Other Parts Discussed in Thread: OPA333

I am sorry I can not find input  and output inpedence of OP Amplifier opa333 on the datasheet, is there anybody who can tell me the really value of input  and output inpedence?

Is there any problen with the following circuit?

illustration: the + input port of opa333 is the signal between -2.0v and 2.0v, the output of opa333 is connected to 16 bits SAR ADC

  • Pan,

    The OPA333 differential and common-mode input capacitances are shown in the PDS to be 2pF and 4pF, respectively (see below).

    The common-mode input resistance may be calculated using the graph of Input Bias Current (IB) vs Common-Mode Voltage (see below).  Keep in mind, however, that the IB is not a constant current but rather an integrated current glitches coming from the switches of the chopping input differential pair.

    Rin = delta_Vcm/delta_IB = 5V/20pF = 2.5E11 ohm (250Gohm)

    The open-loop output impedance at unity gain bandwidth (most critical from stability point of view) is around 2kohm (see below).

    As far as the circuit itself goes, having large input resistors (200k) will result in amplification of the input current glitches coming from the chopping action of the input front-end.  Also, driving 0.1uF may be too much for OPA333 even with the help of 200ohm series output resistor - output may become unstable.

  • Marek Lis, thanks for answer.

    the following file  opa333.tsc is my simulate circuit, and the graph is the  simulate result , I can not find any Abnormal phenomenon. is there any problem with my simulation.

    http://e2e.ti.com/cfs-file.ashx/__key/communityserver-discussions-components-files/14/3857.opa333.TSC

     as your analisis, having large input resistors (200k) will result in amplification of the input current glitches coming from the chopping action of the input front-end.

    while, how much the value of input resistors will be ok?

    you say that driving 0.1uF may be too much for OPA333,

    what is the value of capacity will be ok?

    the aim of circuit is designed to adjust the input signal range (-2.0v to 2.0v) to 0 ~2v ,then output to 16 bits SAR adc.

    do you have any better advice for me?

     

  • Pan,

    With R6 and C2 forming a low-pass filter with f~8kHz corner frequency at the OPA333 output, you would not be able to see ~10ns glitches glitches every 8us (125kHz clock rate) even if they were modeled but they are not; in order to speed up simulations time, the chopping current glitches are NOT included in the macro-model - otherwise, it would take hours to run simple transient response and days for more complex circuits.  The IB current spikes in the actual part are in uA range so 200k input resistor would result in few 100's mV voltage peaks but again ONLY if you had no low-pass filter at the output - with filter, there should be no problem as long as the large output capacitor does not cause op amp instability.

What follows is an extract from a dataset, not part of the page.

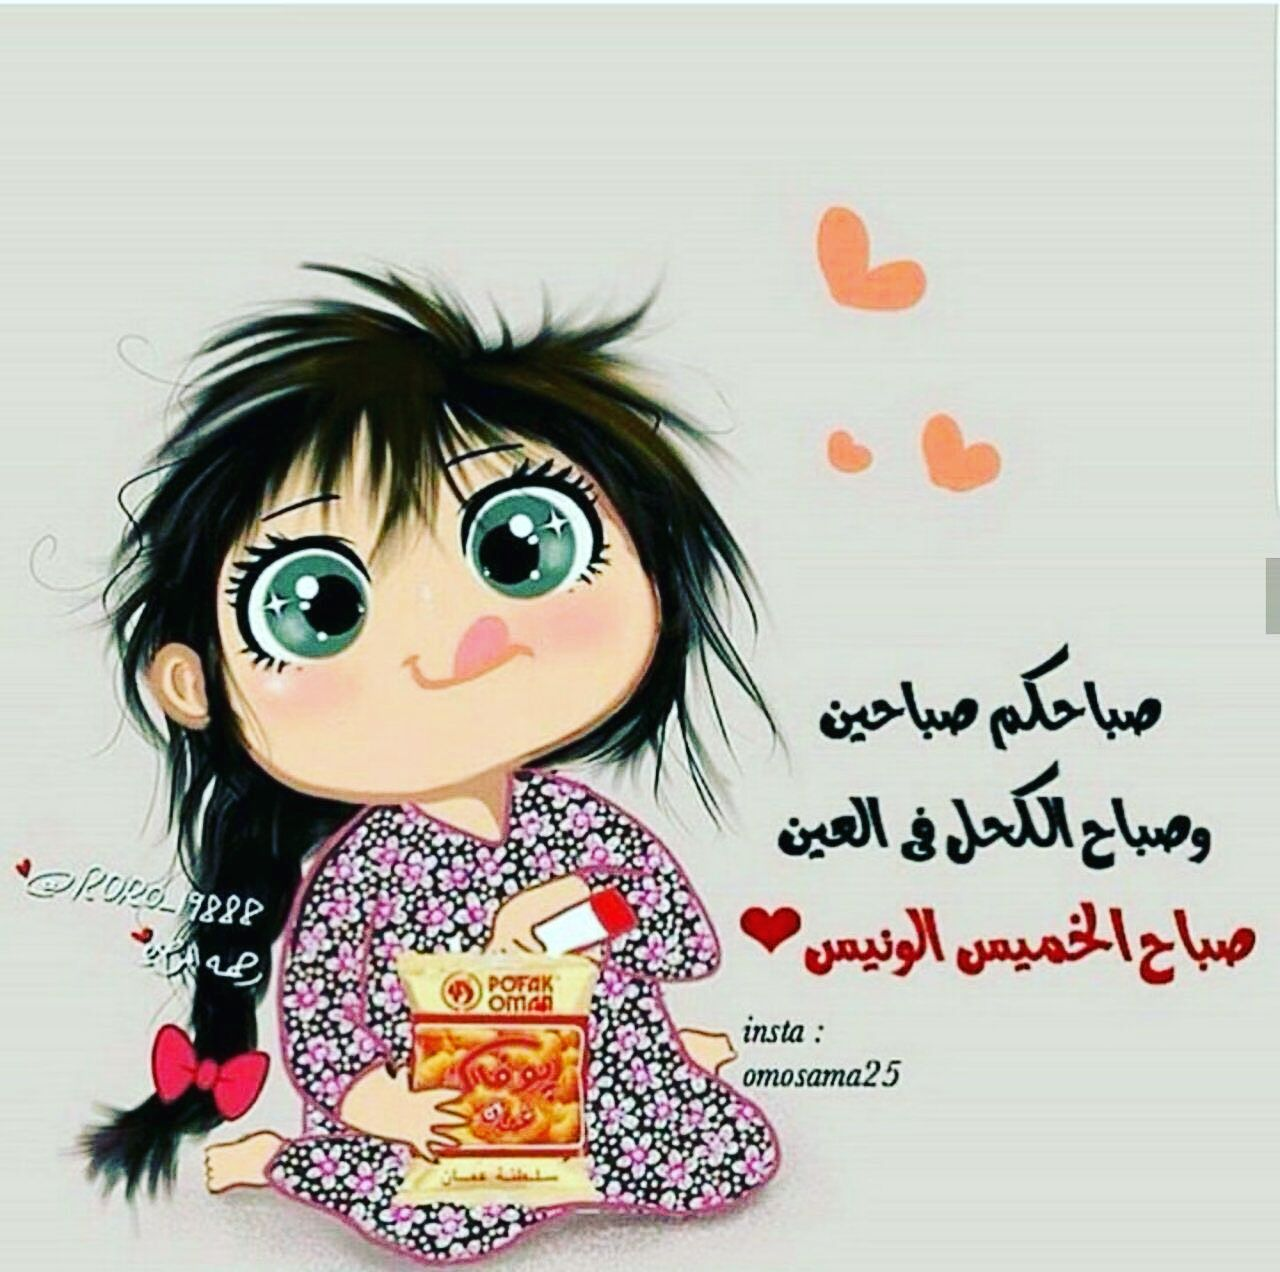 Desertrose صباح الخميس الونيس Morning Greetings Quotes Morning Images Watercolor Wallpaper Iphone
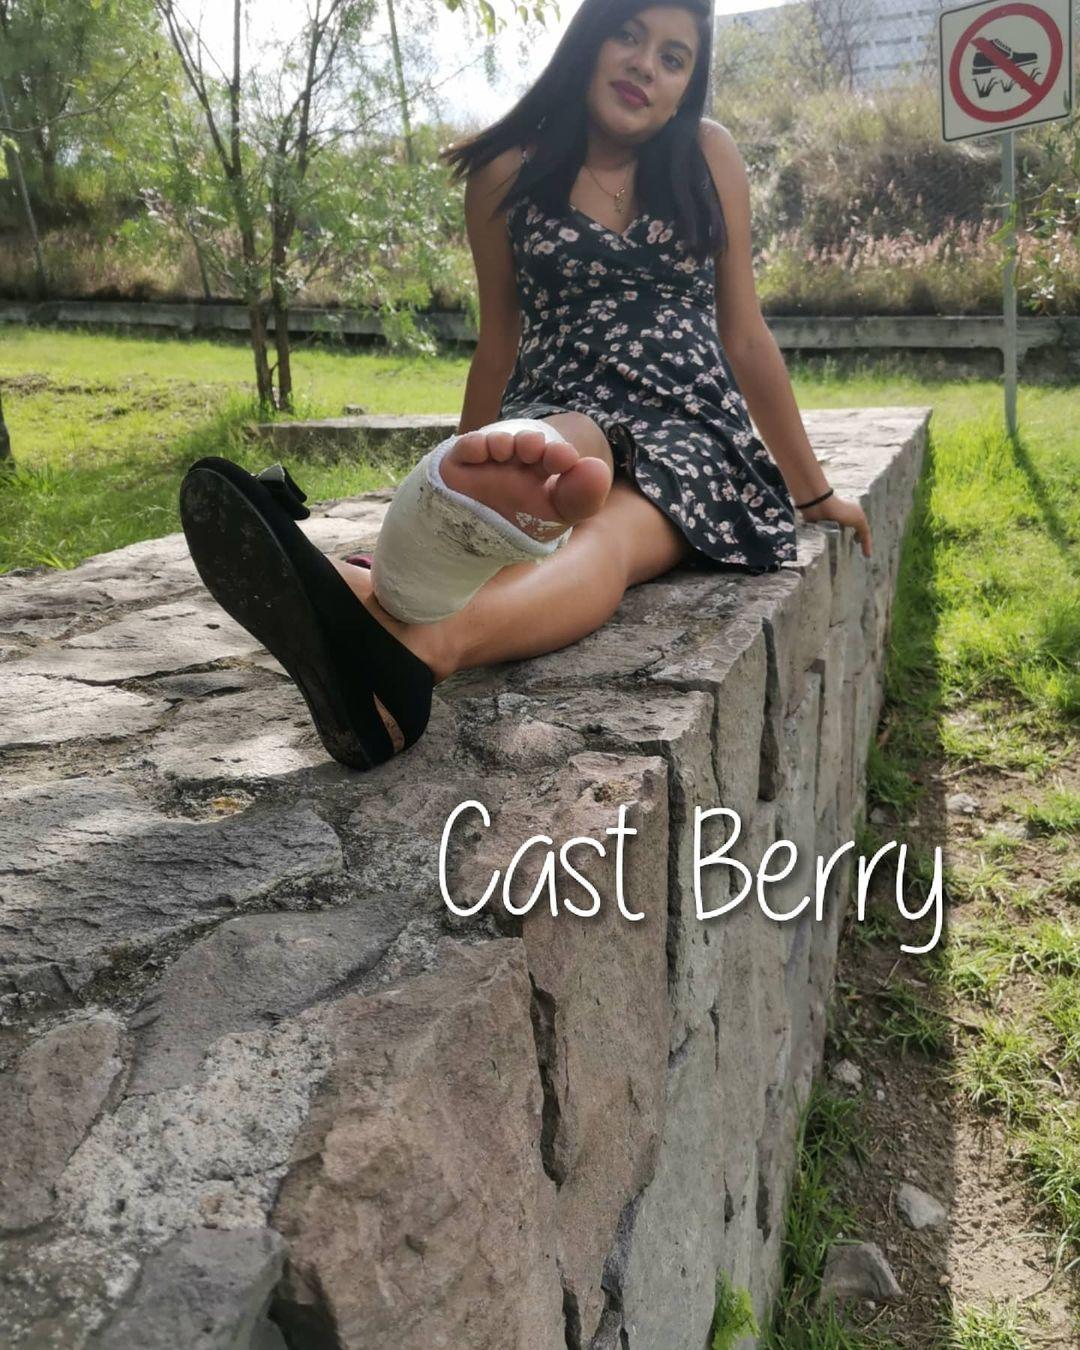 Cast Berry

    OPA333 capacitive load  capability is represented by a graph of Small-Signal Overshoot vs Capacitive load where any overshoot in excess of 40% should be considered unstable caused by long-term process variations - by this criterion, OPA333 can directly (with no series output resistor) drive around 600pF (see graph below).  Of course, adding the output series resistor significantly improves capacitive load drive - the way to check whether the circuit is stable is to apply a small signal square waveform to its input (100mVpp) and determine the value of the output voltage overshoot - 40% or less should assure a stable circuit configuration.

    I ran the stability simulations outlines above which confirm that 200ohm series output resistor results in stable output response - actually, even 50ohm resistor should provide a stable operation (see below).

  • thanks , I have got your mean.

    But, I am still comfused that why the opa333 's output impedance is so big, nearly about 2k ohm. The output impedence of operate Amplifier I used before is very small, about several ohm. if the output imdepedance of opa333 is so big, Can it  still be used as follower which  ouputs to SAR ADC? as the below graph show.

    if VG1 input 1 to 2v signal,  can the point of VOUT  get 1 to 2v level signal? will the output impedance of opa333 will reduce the output signal?

  • Pan,

    There is a fundamental difference between the open-loop, Ro, and close-loop, Rout, output impedance. Since Ro represents output impedance inside the feedback loop, its effective close-loop value, Rout, as seen at the output of the op amp gets divided by the loop-gain - see attached short presentation.

    Rout = Ro / (1 +Aolβ) where Aol is open-loop gain and β a feedback factor

    Aolβ, loop gain, reduces Ro so that the output resistance of the op amp with feedback, Rout, will be much lower than Ro, for large values of Aolβ.

    Since the typical dc AOL of OPA333 is 130dB (3,160,000), therefore the effective close-loop output impedance for follower configuration would be:

     Rout = 2000ohm/(1 +3160000*1) =~0.6mohm at low frequency and will increase with decreasing Aol over frequency.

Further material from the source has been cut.